The UCL team used simulations to estimate how many black hole-neutron star collisions might occur in the next decade. They found that Earth’s gravitational wave detectors might pick up 3000 of them before 2030, and of these, about 100 of them will probably also produce visible light.

That would be enough. As such, by 2030 we just might have a brand-new measurement of the Hubble constant. We don’t know yet whether the new measurement will agree with the CMB measurement, or with the Cepheid/Type 1A measurement, or disagree with both. But the result, whatever it turns out to be, will be an important step in unraveling the puzzle. It could either put the crisis in cosmology to rest, or make it more serious, forcing us to look closer at our model of the Universe, and admit that there is more we don’t know about the Universe than we thought.

Learn More: “Black hole-neutron star collisions may settle dispute over Universe’s expansion.” UCL.

Stephen M. Feeney, Hiranya V. Peiris, Samaya M. Nissanke, and Daniel J. Mortlock, “Prospects for Measuring the Hubble Constant with Neutron-Star–Black-Hole Mergers.Physical Review Letters.

Featured Image: A black hole devouring a neutron star. Credit: Dana Berry/NASA.

One Reply to “Black Hole-Neutron Star Collisions Could Finally Settle the Different Measurements Over the Expansion Rate of the Universe”

  1. Nice! A lot of these alternative methods for measuring expansion rate are studied now.

    There is another promising redshift method using fast radio bursts that already gives results and promise them faster.

    As an FRB signal travels through the dust and gas separating galaxies, it becomes scattered in a predictable way that causes some frequencies to arrive slightly later than others. The farther away the FRB, the more dispersed the signal.
    [The expansion rate] it’s tentatively closer to the value from the cosmic microwave background, or CMB.

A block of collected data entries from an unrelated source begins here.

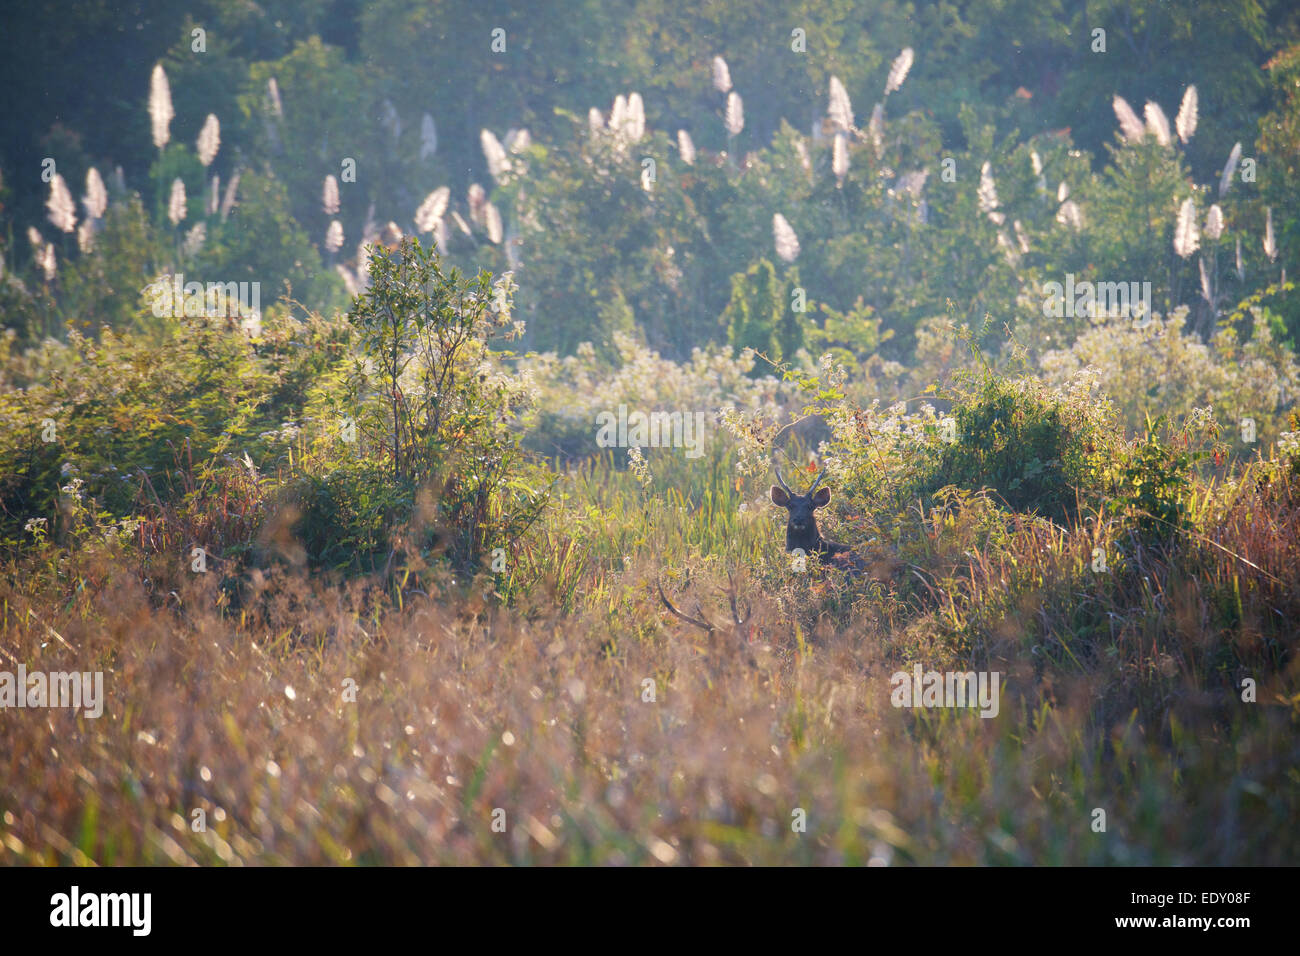 Rusa unicolor, Sambar Deer, in Phu Khieo Wildlife Sanctuary, Thailand. - Stock Image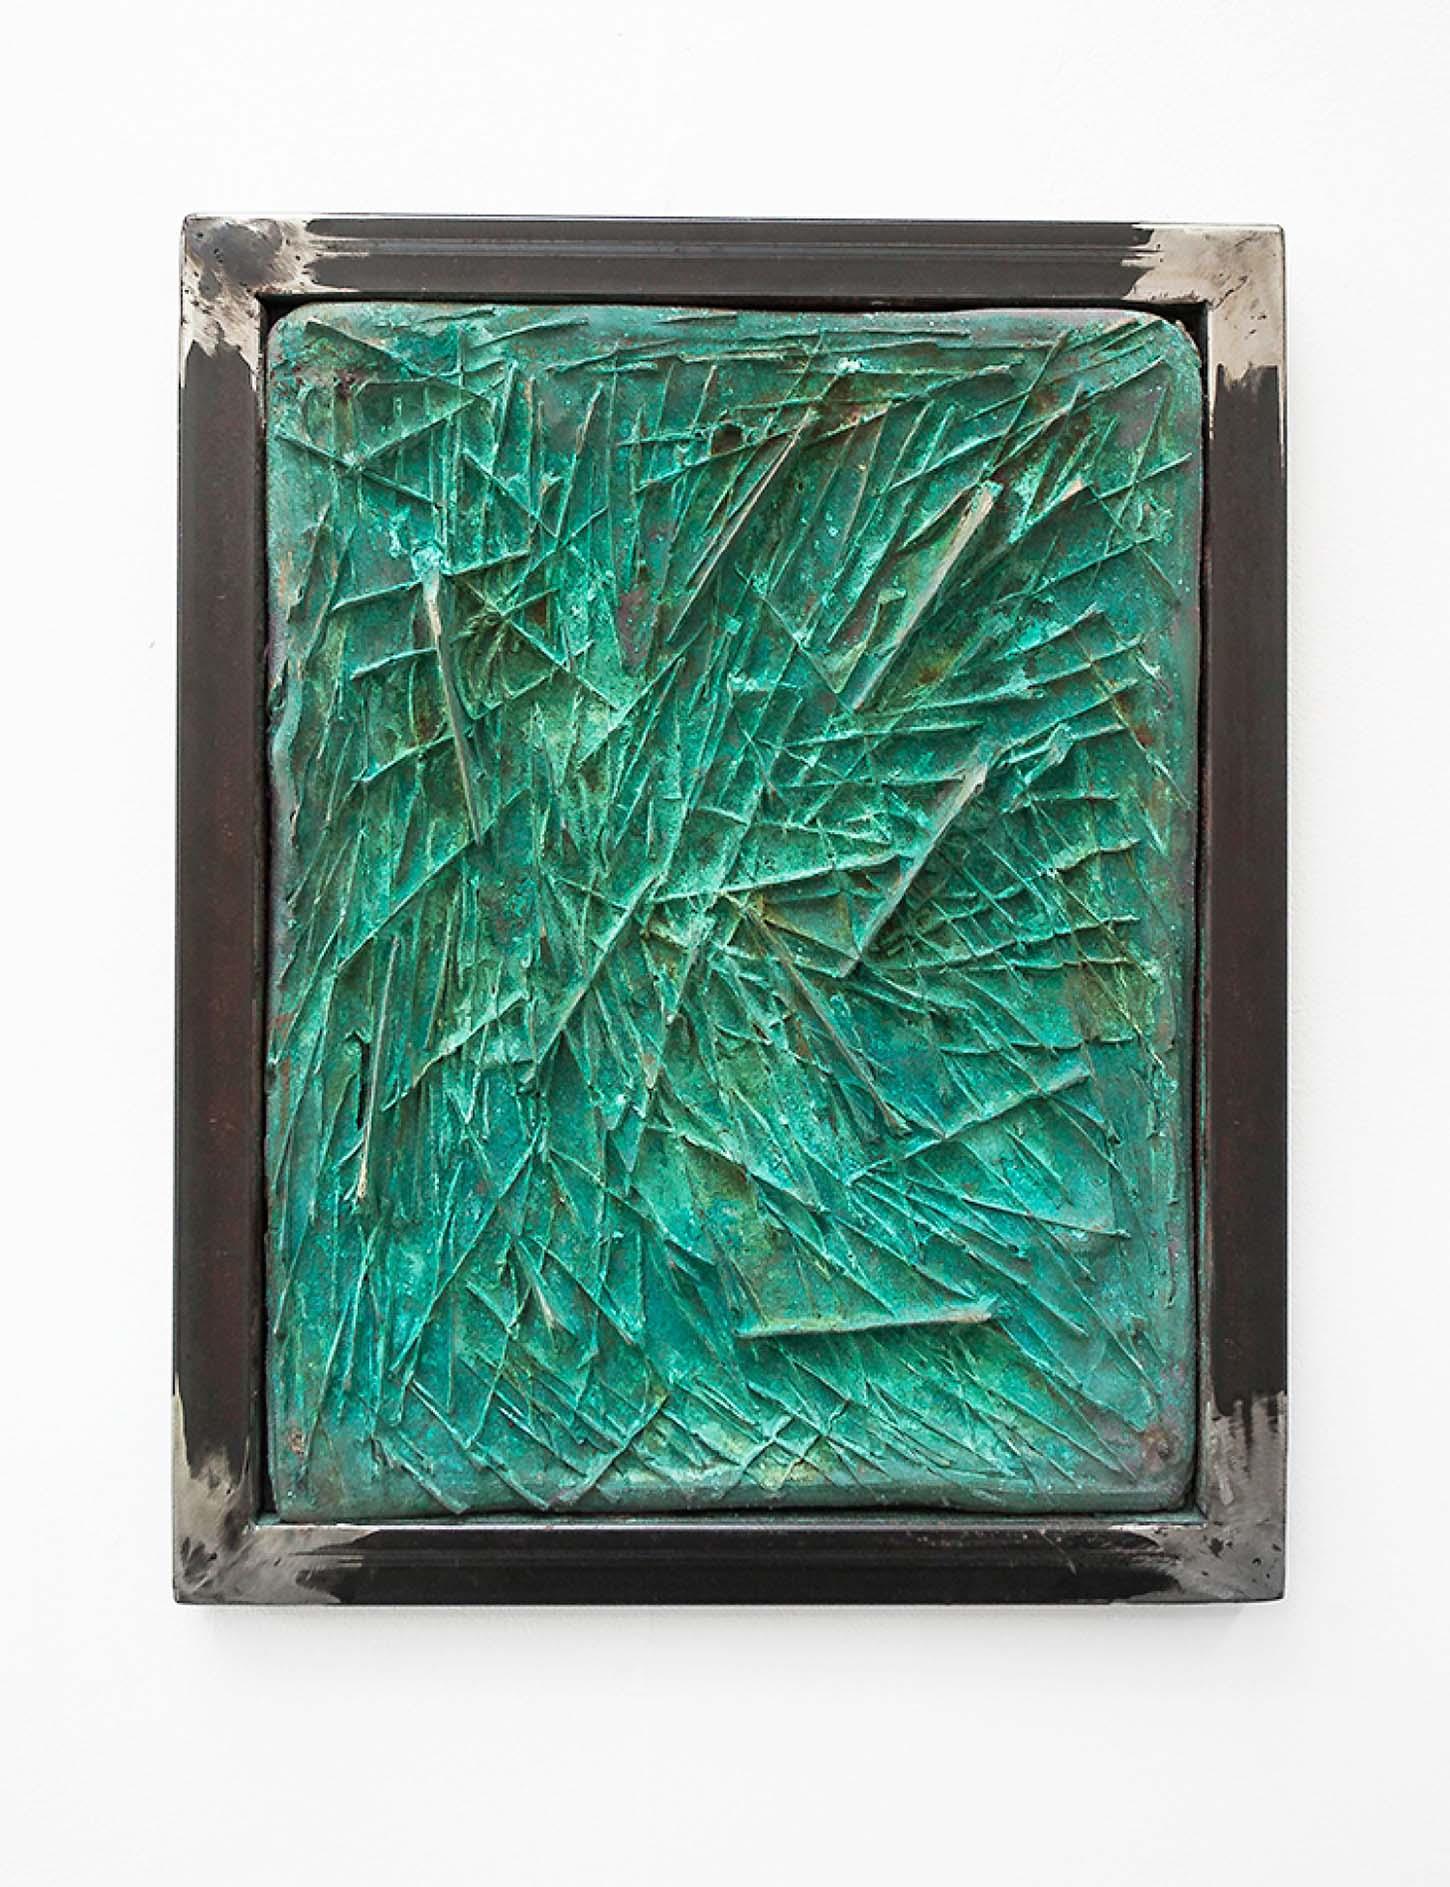 • La galeriePrécipitéTom Giampieri et Amandine Guruceaga19 janvier - 10 mars 2018Amandine Guruceaga, swing of axe #1, 2016, Acier, matière composite, bronze 35 x 43 cm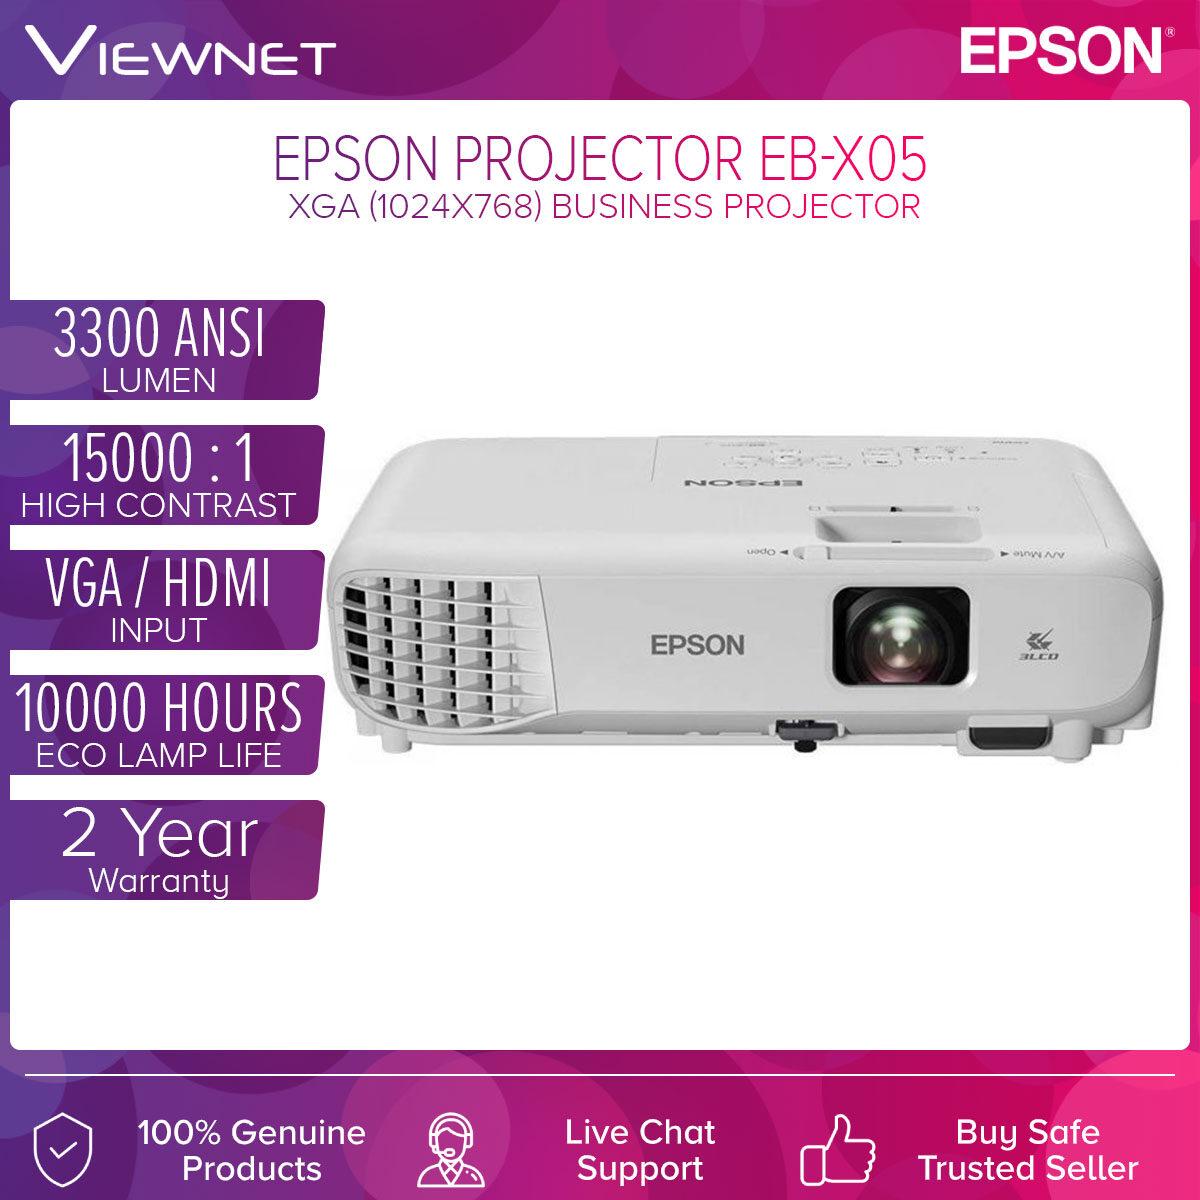 Epson 3LCD XGA Projector (EB-X05) ,(1024x768),, 3300 Lumens (USB/VGA/HDMI), Wireless

    With a few hundred FRBs, the team estimates that it could reduce the uncertainties and match the accuracy of other methods such as supernovas. … Many new radio observatories are coming online and larger surveys, such as ones proposed for the Square Kilometre Array, could discover tens to thousands of FRBs every night. Hagstotz expects there will sufficient FRBs with distance estimates in the next year or two to accurately determine the Hubble constant.